NODE Training - Performance w/ Lux vs torchdiffeq

So I’ve been training a neural ODE in Python using PyTorch and torchdiffeq. I was going to start with Julia and Lux but I ended up needing to train some upstream stuff (pretrained CNN backbones and custom PyTorch layers) that wouldn’t be trivial to port over first. The good news is that I actually managed to fit a model that solved my problem and deployed it with Lux and OrdinaryDiffEQ and it’s working great. The bad news is it took nearly a week to fit which makes it extremely difficult to iterate on improvements.

One of the biggest problems I am running into there is an apparent CPU bottleneck during integration. GPU usage is constantly around 20% on an nVidia A6000, and I’m training on four of them and it still really slow. It’s so bad I looked at running multiple replicas on the same GPU, but it wasn’t supported with the framework I built everything in.

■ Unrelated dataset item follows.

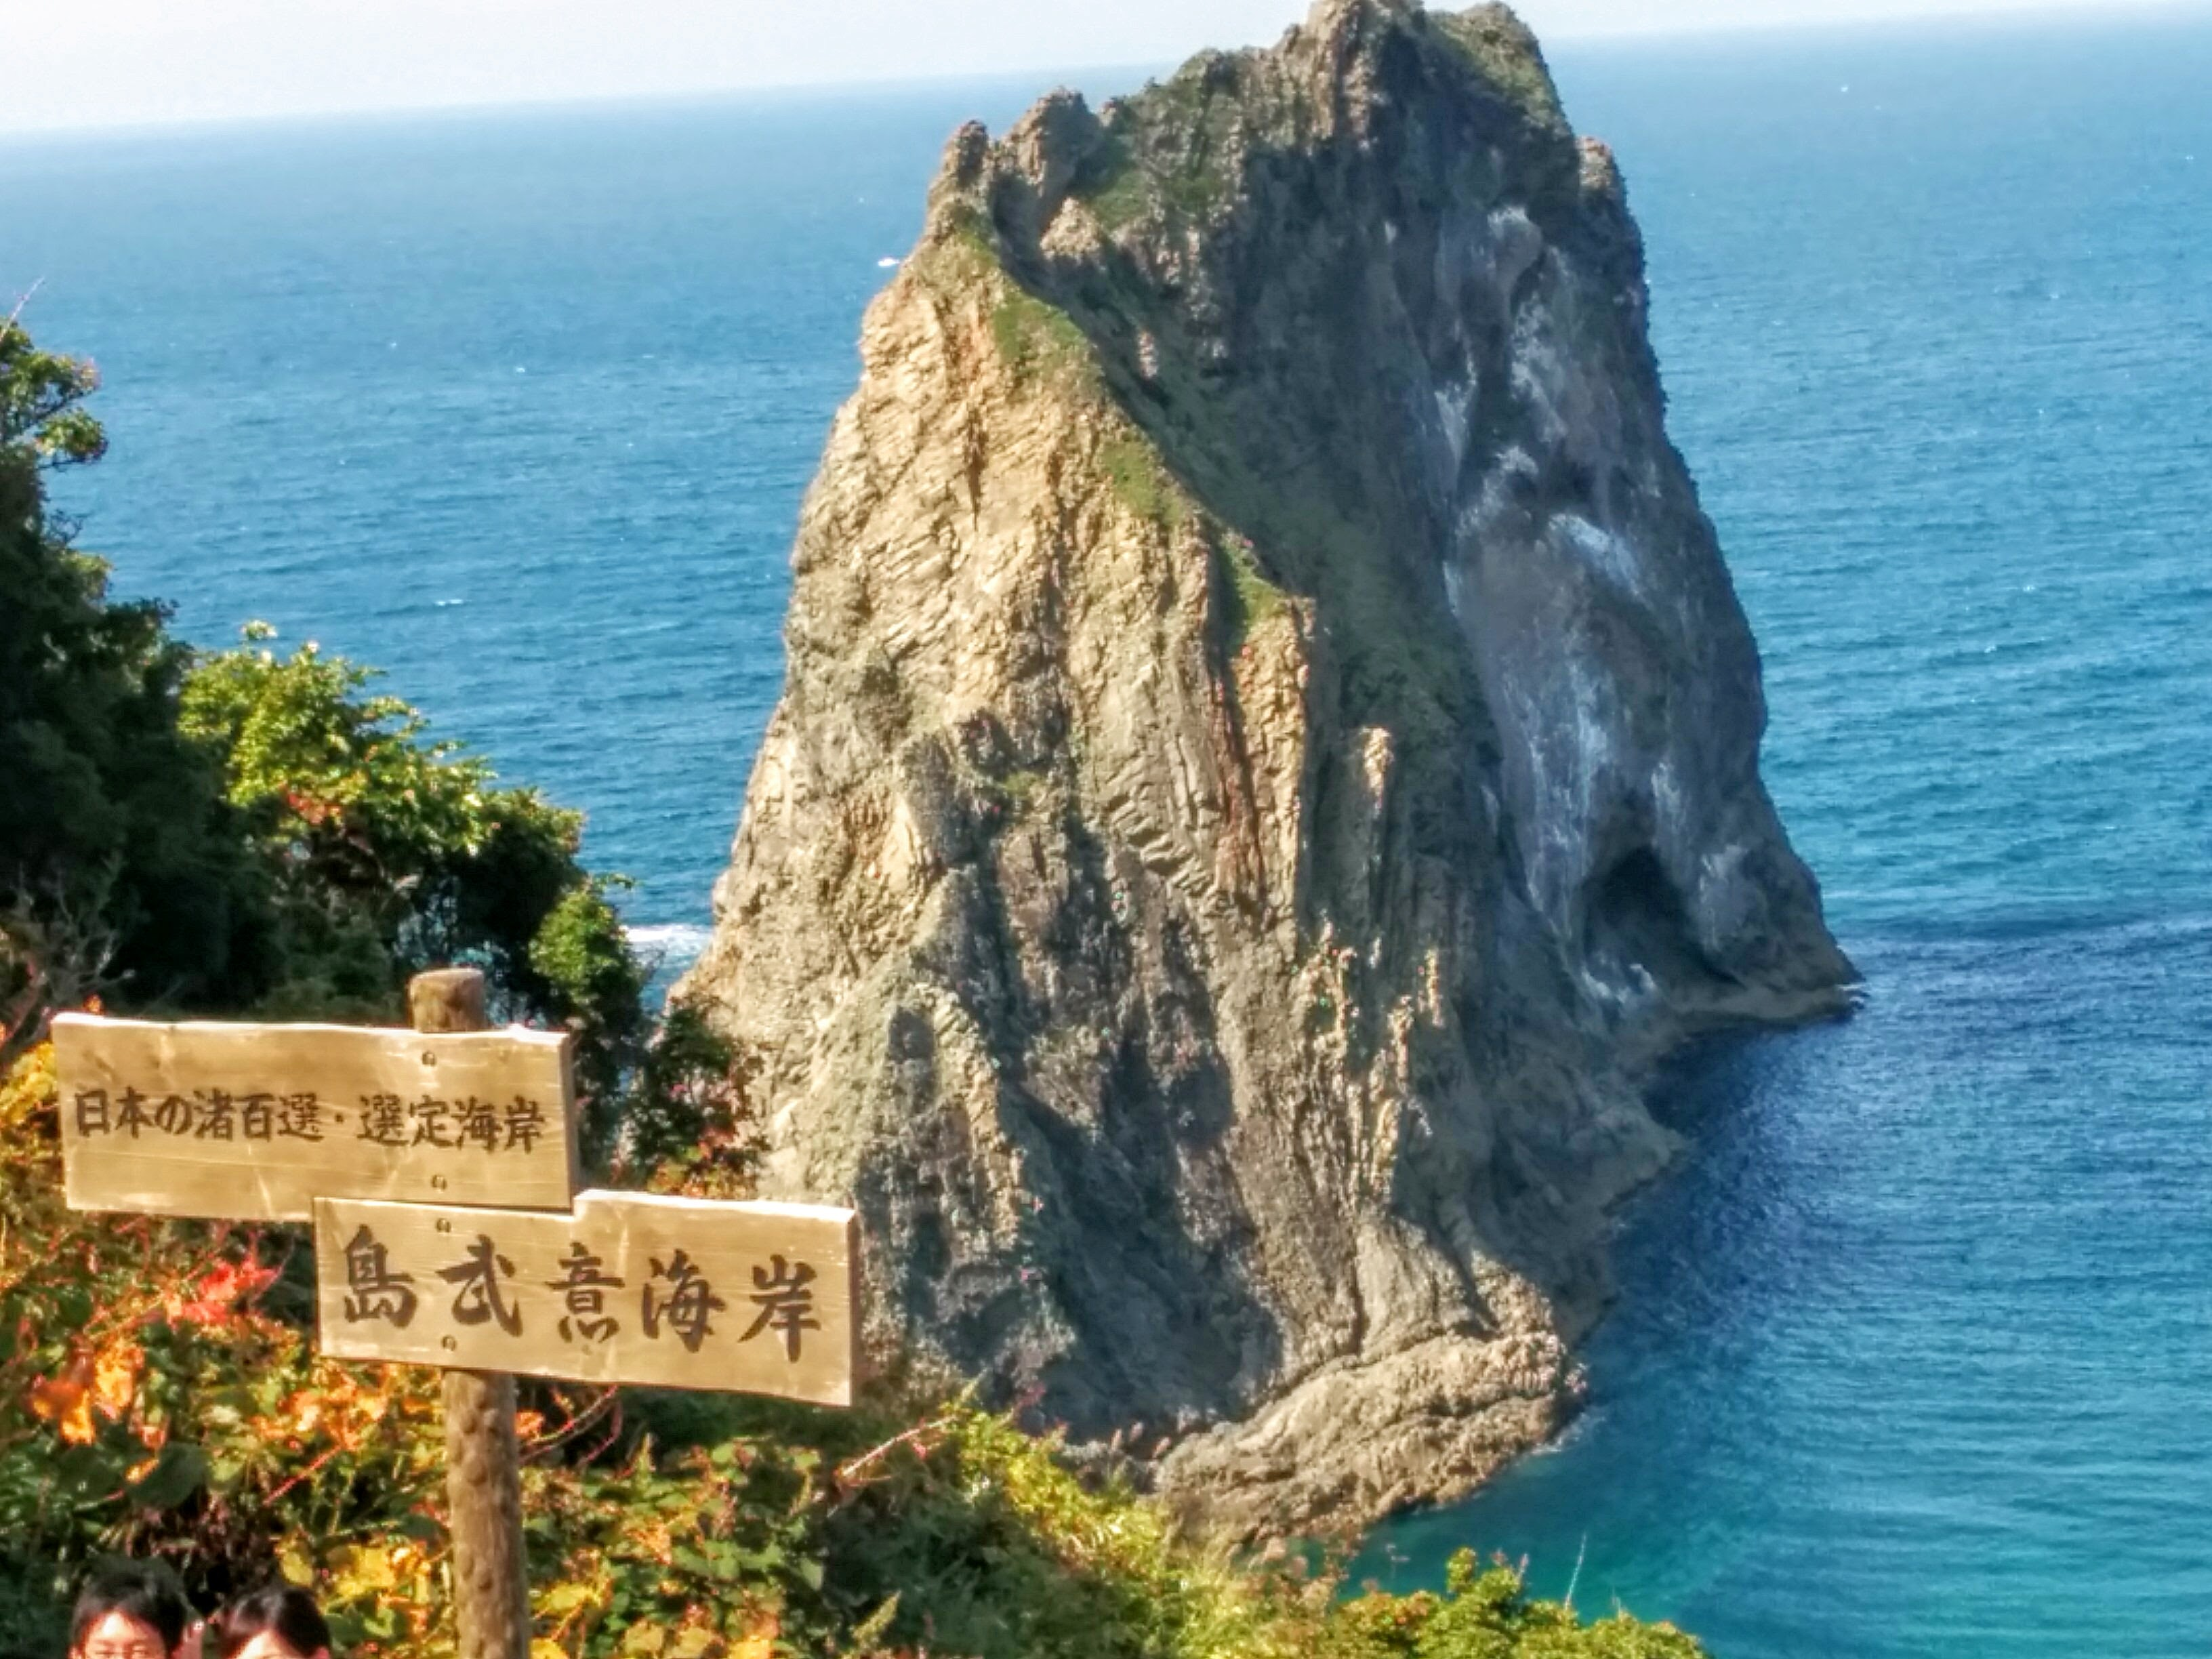 積丹観光タクシー高橋の積丹岬島武意海岸へ行って来ました。

Before I start porting the Python parts to Julia I’m curious to know if anyone has experience training models with both torchdiffeq and Lux w/ Reactant or Lux in general and could comment on whether I could expect significant speedups. The ANODE I’m fitting is pretty standard, approximately Dense(512, 256) -> Tanh() -> Dense(256, 512). I’m not using the adjoint method, just standard differentiation through the solver. The underlying family of ODE I’m trying to learn to learn isn’t stiff at all. If I go ahead with porting all of my code over there would also be a fairly lightweight CNN backbone, but I’d expect the time from that isn’t significant compared to the time spent integrating the ODE.

1 Like

Not sure about the perf, however you will be able to choose the adjoint method much better though.
As for the DL part you can expect similar perf to jax which itself is known faster than pytorch in a lot of cases, the hardest thing I think to get into is the ScimlStructure interface if you need it (to avoid global non const variables and be able to tell ScimlSensitivity what you want to diff in the parameter struct) I really hope the interface changes one day.
You will like the control you have over well everything compared to pytorch it does mean a bigger learning curve but its worth it.

1 Like

cc @avikpal

Assuming the CPU code is not the core computation (but say setup, julia runtime calls, JIT, inference, etc) Reactant should be able to signficiantly reduce this (while also providing additional improvements from the core computation side as well). For example see Lux.jl/perf at main · LuxDL/Lux.jl · GitHub (which shows ~an order of magnitude boost using Reactant vs just vanilla CUDA.jl).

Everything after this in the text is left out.